** Exercise **
Apart from the pictures, the listing is to be returned exactly.

** Information provided **
((

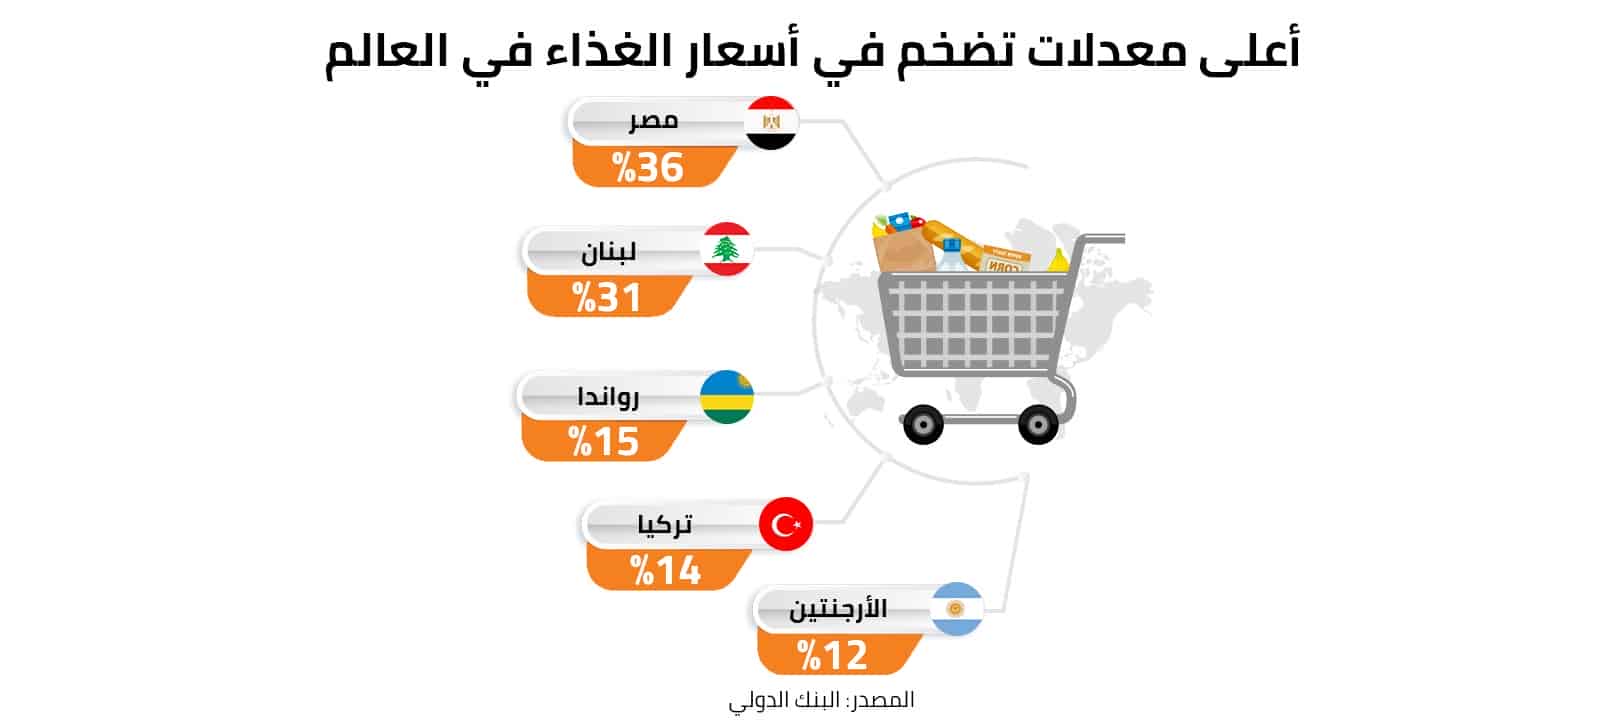 أعلى تضخم في أسعار الغذاء في العالم  
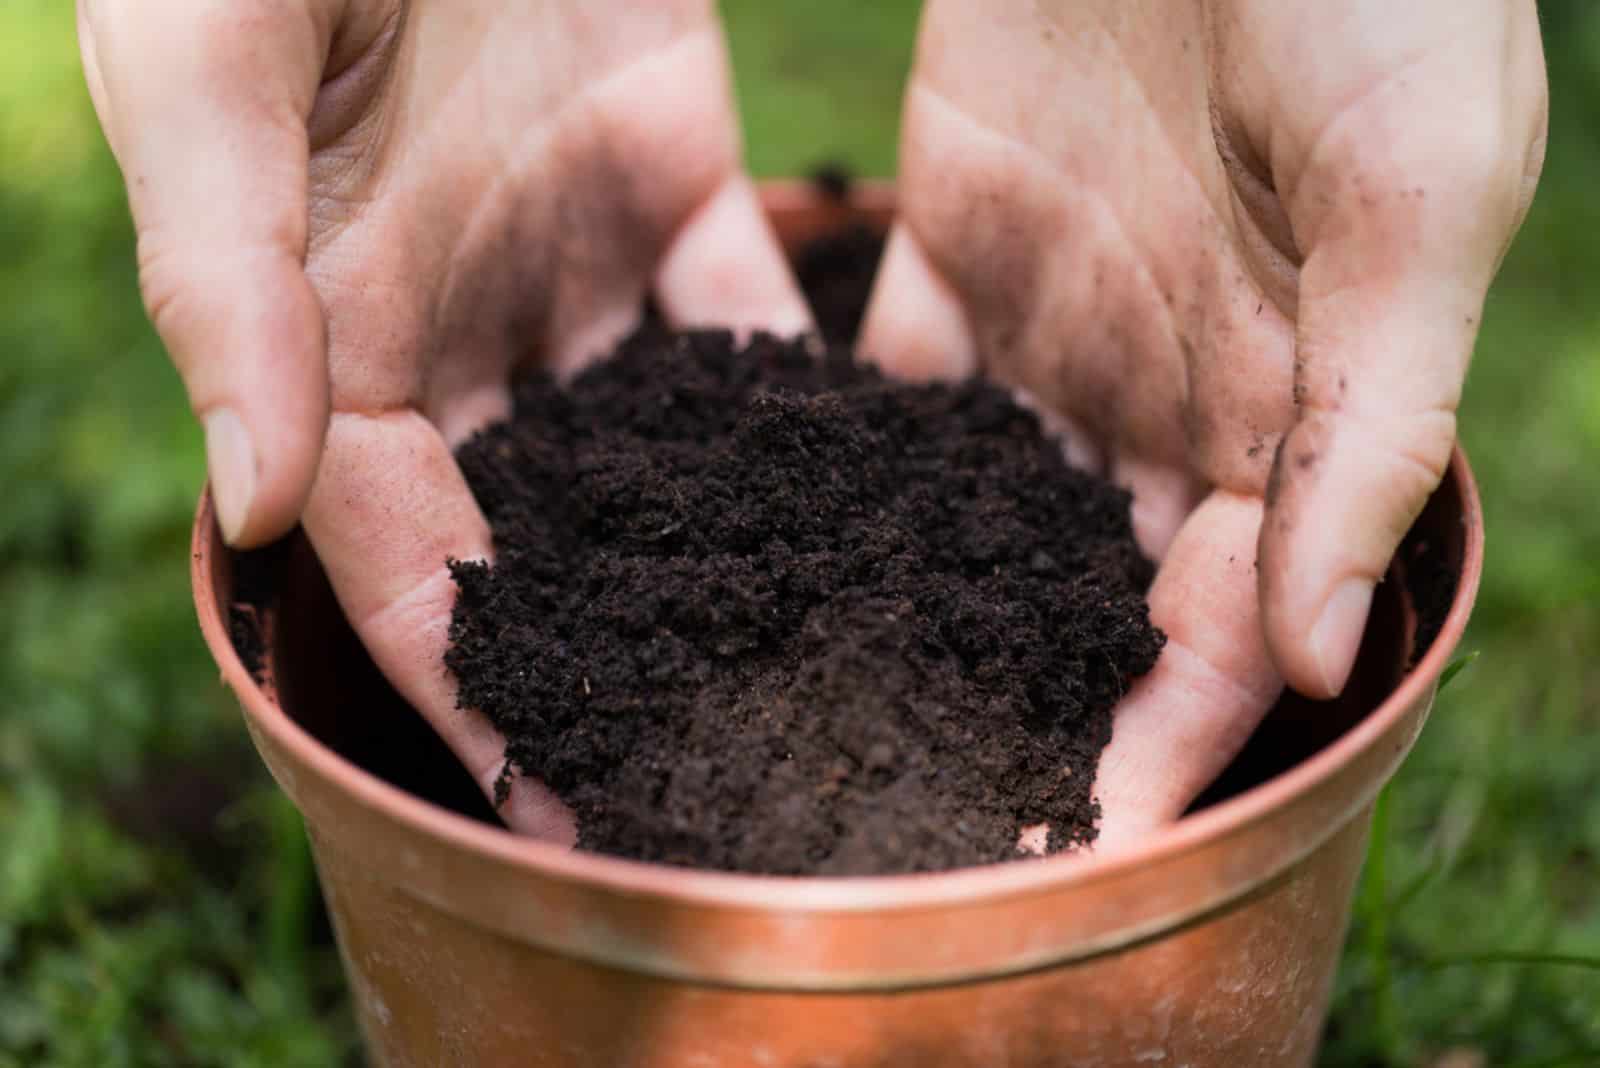 woman putting soil into a pot
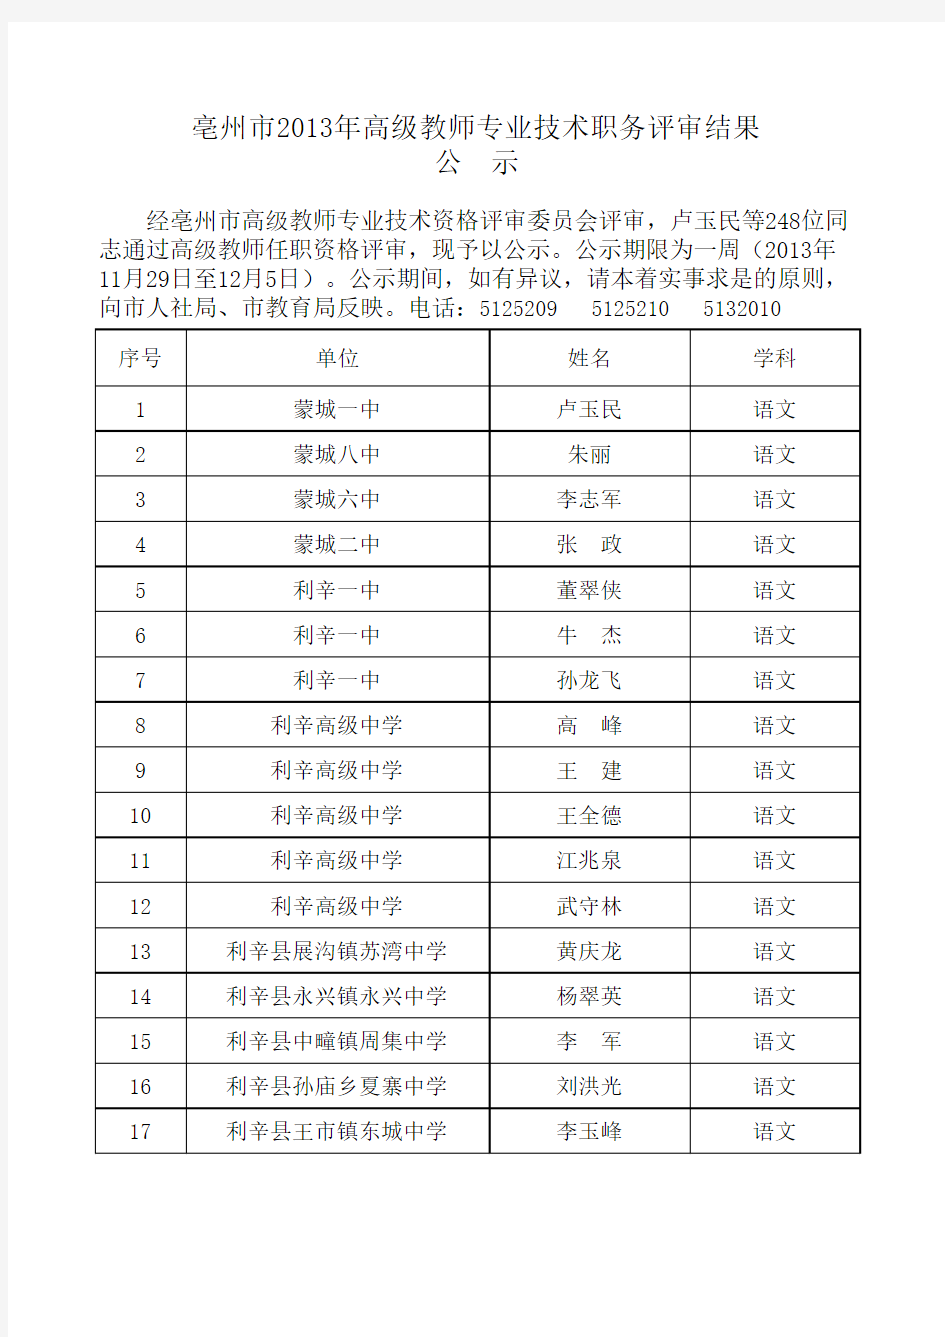 亳州市2013年高级教师专业技术职务评审结果公示
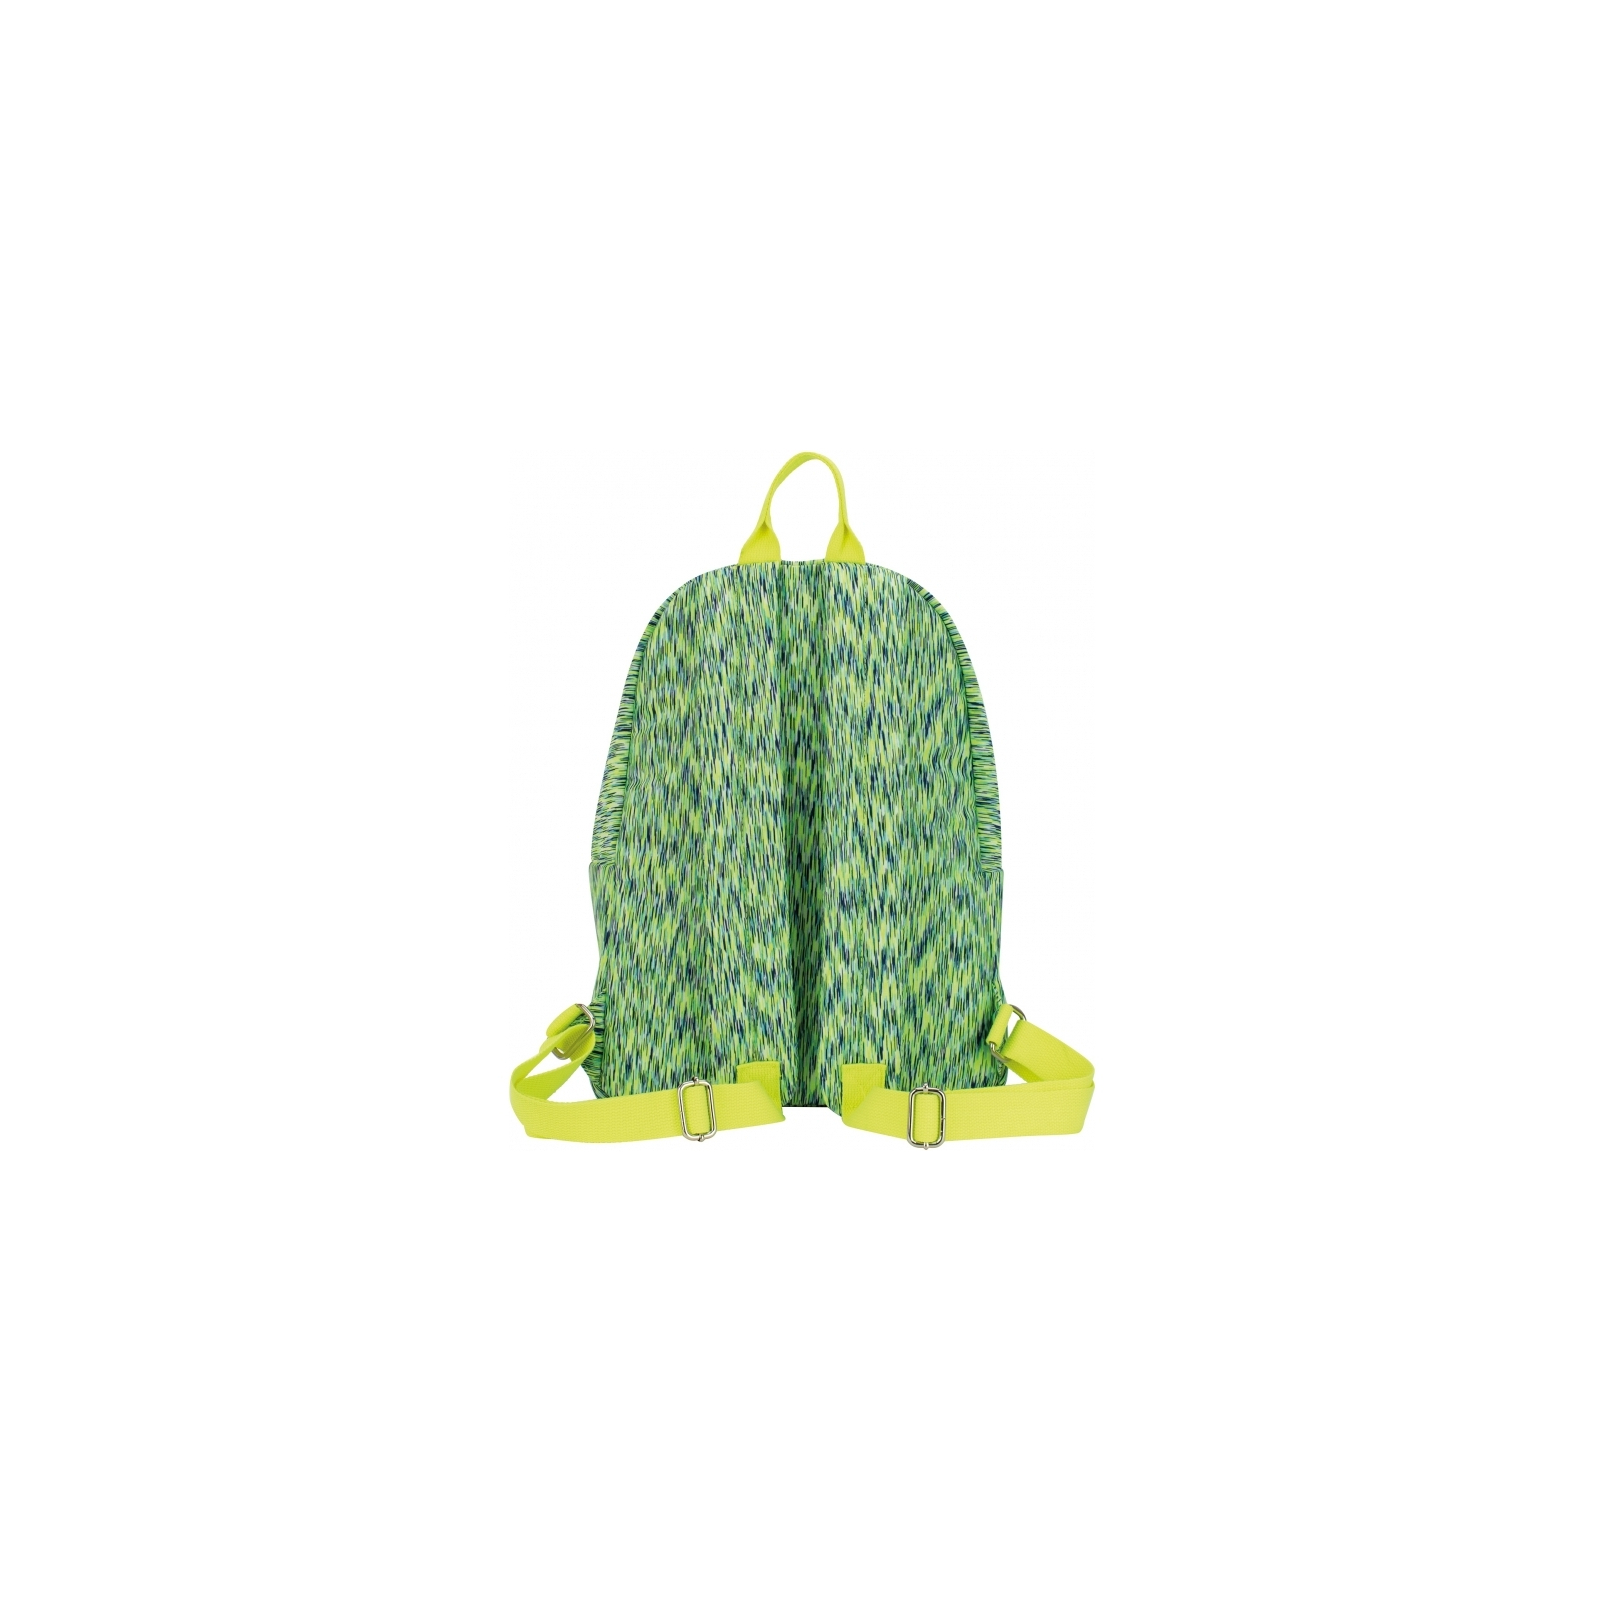 Рюкзак шкільний Cool For School 42*30*16 см персиковий (CF86270) зображення 2

))

** Task answer **
 أعلى تضخم في أسعار الغذاء في العالم  
 woman putting soil into a pot
 亳州市2013年高级教师专业技术职务评审结果公示
 Рюкзак шкільний Cool For School 42*30*16 см персиковий (CF86270) зображення 2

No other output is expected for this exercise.